Most famously, he used a rabies vaccine (reports differ as to how successful it had been on animals) to treat a boy who had been mauled by a rabid dog. The boy had not yet developed symptoms. Pasteur decided to take a risk and gave him his vaccine in an attempt to prevent the development of the disease. He administered his vaccine at increasing strength over multiple days. The boy survived and made Pasteur famous around the world. Once again, he was lucky. The boy did not die of rabies and the treatment did not kill him either. A similar regimen of shots is still used today, though it has been considerably refined and tested.

Pasteur was and is the target of accusations that he stole ideas from other people and misrepresented some of his methods. Clearly, Pasteur was a hard-working scientist with considerable acumen, who greatly advanced the science of his day. He was highly respected and won just about every award available. But he also sometimes borrowed ideas without giving credit and did not fully report his methods. For example, he used a veterinarian’s method to prepare the rabies vaccine he used on the boy, not his own method, and never gave the veterinarian credit.

Some True Accusations

Pasteur told his family on no account to give his lab notebooks to anyone after his death. They obeyed his wishes until his last descendant handed them over to the Pasteur Institute in the late 1960s. The notebooks revealed that at least some of the accusations were true.
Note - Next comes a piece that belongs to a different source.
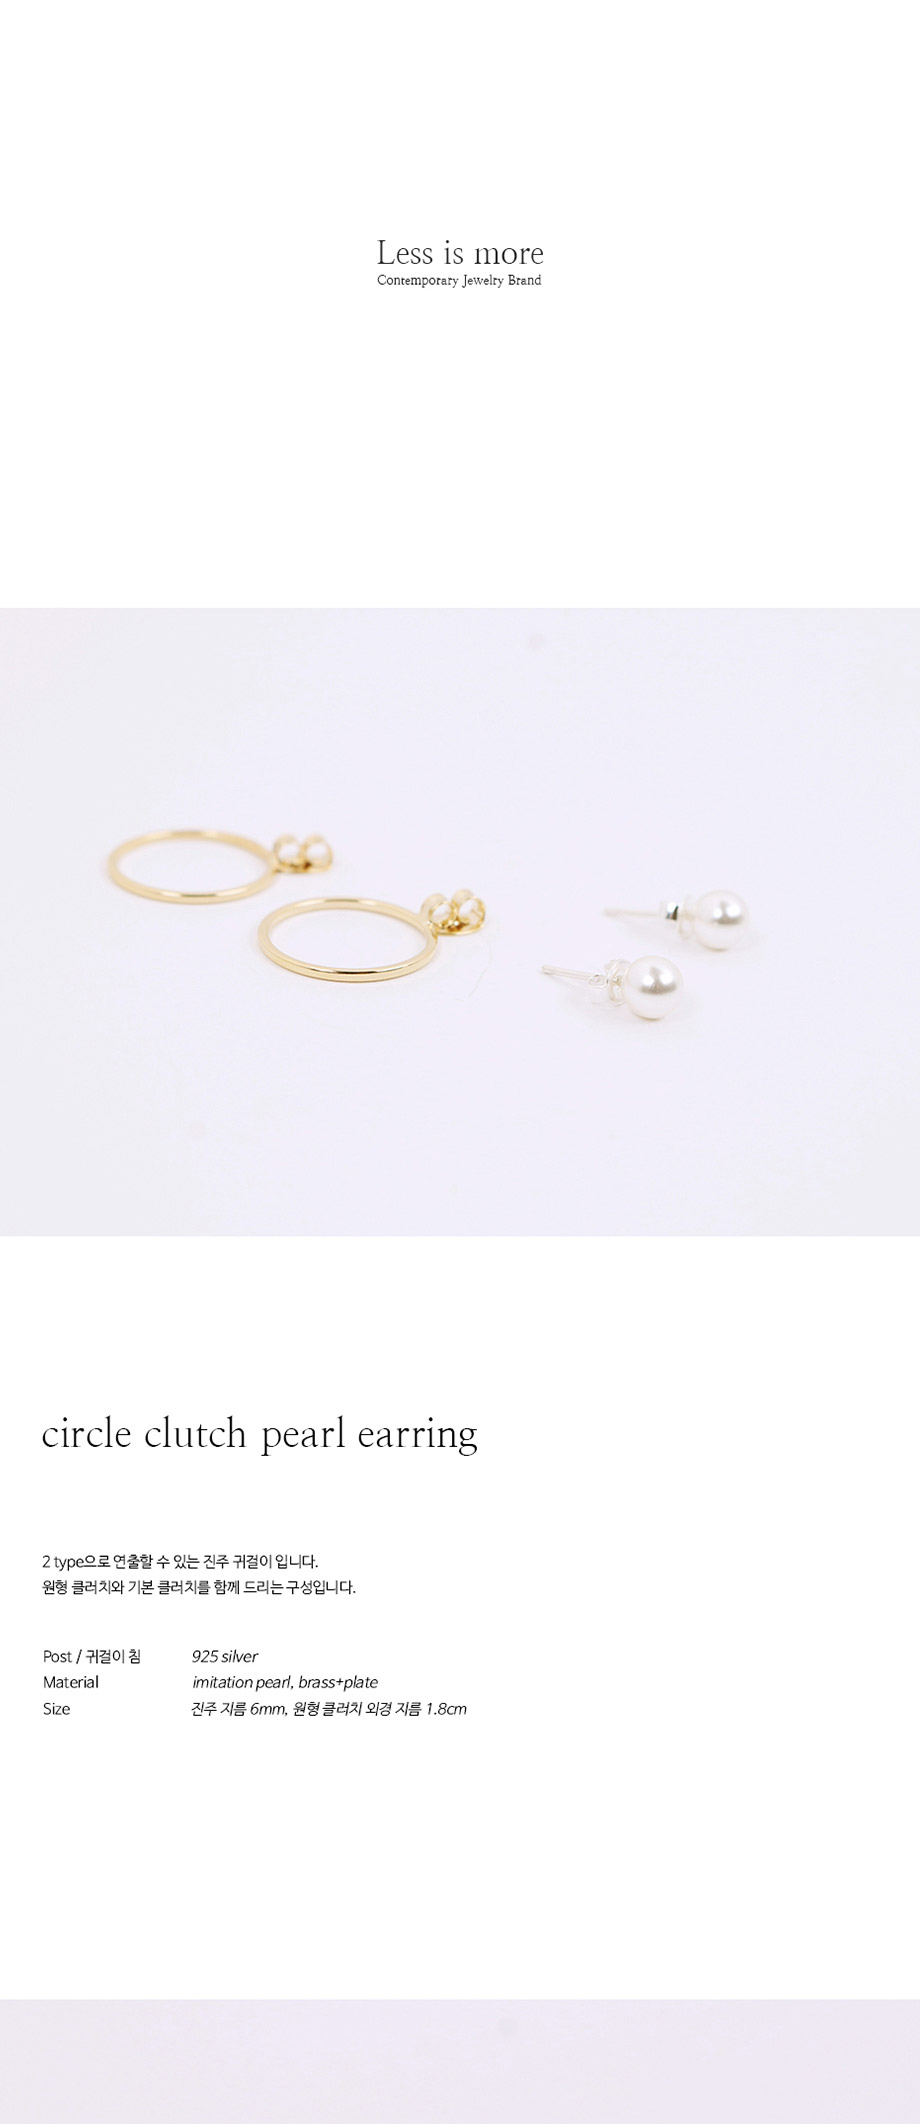 circle clutch pearl earring 26,000원 - 레스이즈모어 이동요망, X주얼리/시계, 귀걸이, 골드 바보사랑 circle clutch pearl earring 26,000원 - 레스이즈모어 이동요망, X주얼리/시계, 귀걸이, 골드 바보사랑

In 1868 Pasteur had a stroke which left him paralyzed on one side, but he continued to work, writing papers and carrying on scientific disputes with his competitors, all with the aid of his lab assistants, some of whom were famous scientists in their own right. Finally, more strokes and uremia took his life on September 27, 1896. He must have been a kind man because he was greatly loved. His last weeks were filled with visits from family, friends, scientists, and co-workers. His students took turns sitting with him.
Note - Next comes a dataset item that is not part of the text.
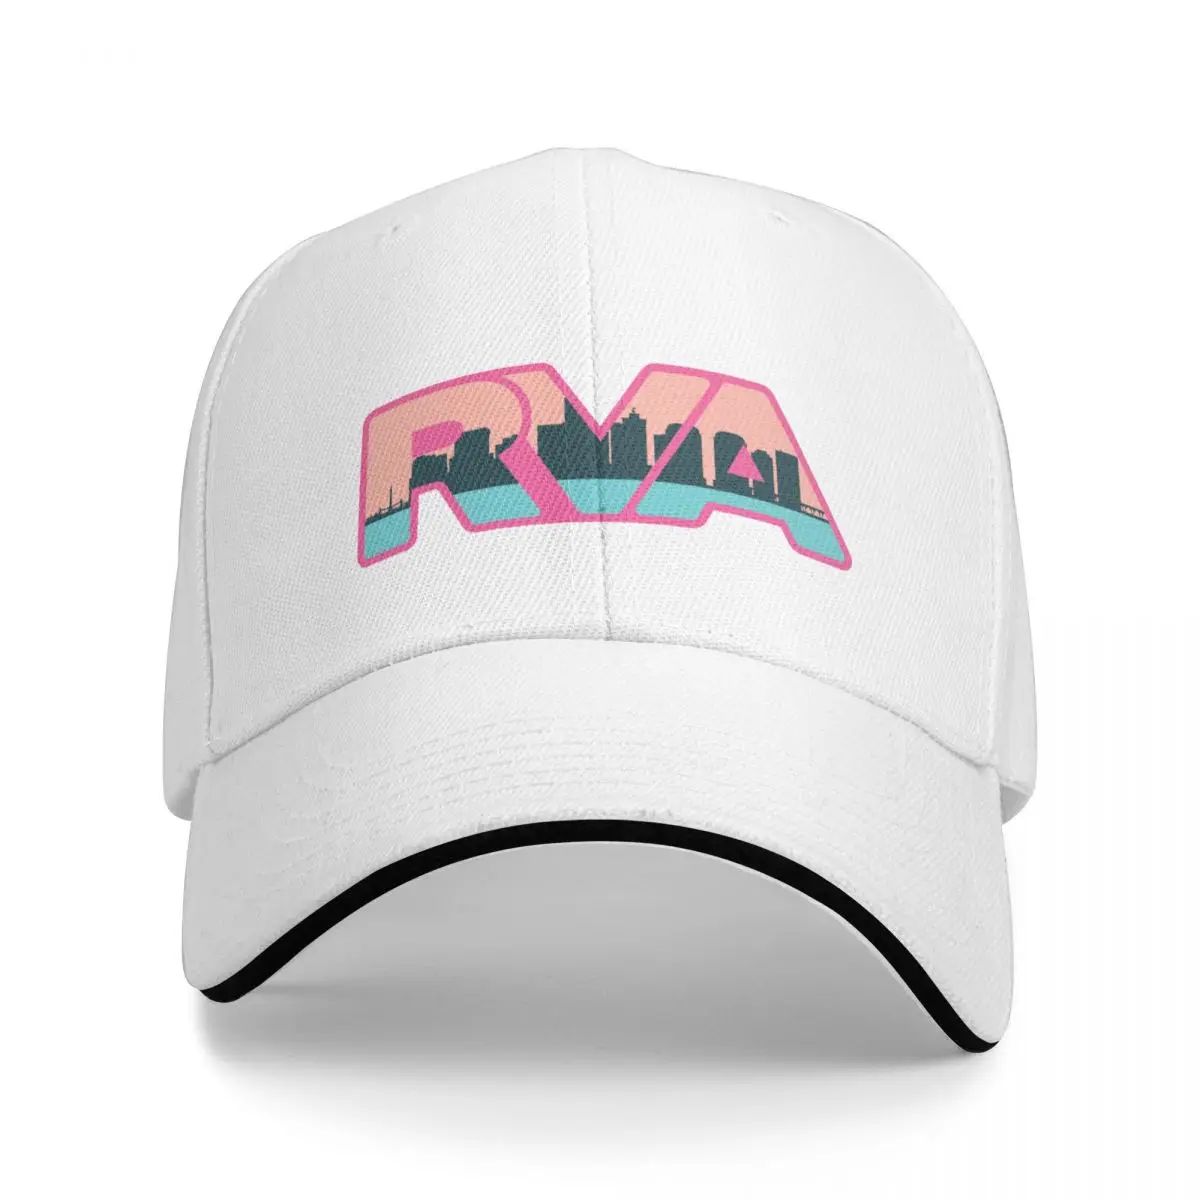 Рва Ричмонд va логотип бейсбольная кепка шляпа от Солнца для детей пушистые мужчины шляпа бейсболка регби шапка Женская по

I suspect Pasteur knew that some of what he had done was wrong and he did not want to be exposed. But as one of his contemporaries put it, he was a practical Catholic. He received the last rites and died clutching a crucifix, which to me indicates he was pleading for mercy from God.

He represents the best and worst traits of scientists — incredible discoveries, great insight and productivity, the insistence on experimental testing and verification, and the desire for glory, for success at just about any cost.

“Life Comes Only from Life”

Pasteur wrote in French and little of his work has been translated. But there are quotes attributed to him in English that are likely true, from what I have read. Reading them takes me back to the mind and heart of a great scientist, however flawed he was.

  • “Great problems are now being handled, keeping every thinking man in suspense; the unity or multiplicity of human races; the creation of man 1,000 years or 1,000 centuries ago; the fixity of species, or the slow and progressive transformation of one species into another; the eternity of matter; the idea of a God unnecessary: such are some of the questions that humanity discusses nowadays.”
  • “The greatest derangement of the mind is to believe in something because one wishes it to be so.”
  • “No, there is now no circumstance known in which it can be affirmed that microscopic beings came into the world without germs, without parents similar to themselves. Those who affirm it have been duped by illusions, by ill-conducted experiments, spoilt by errors that they either did not perceive or did not know how to avoid.”
  • “Life comes only from life.”
  • “One must not assume that an understanding of science is present in those who borrow the language.”
  • “Little science takes you away from God but more of it takes you to Him.”
  • “There is a time in every man’s life when he looks to his God, when he looks at his life, when he wonders how he will be remembered.”

Amen.

Notes

  • Berche, Patrick. “Louis Pasteur, from crystals of life to vaccination.” Clinical microbiology and infection 18 (2012): 1-6.
  • Cavaillon, Jean-Marc, and Sandra Legout. 2022. “Louis Pasteur: Between Myth and Reality” Biomolecules 12, no. 4: 596. https://doi.org/10.3390/biom12040596
  • Kendall A. Smith. “Louis Pasteur, the Father of Immunology?” Frontiers in Immunology 2012; 3: 68.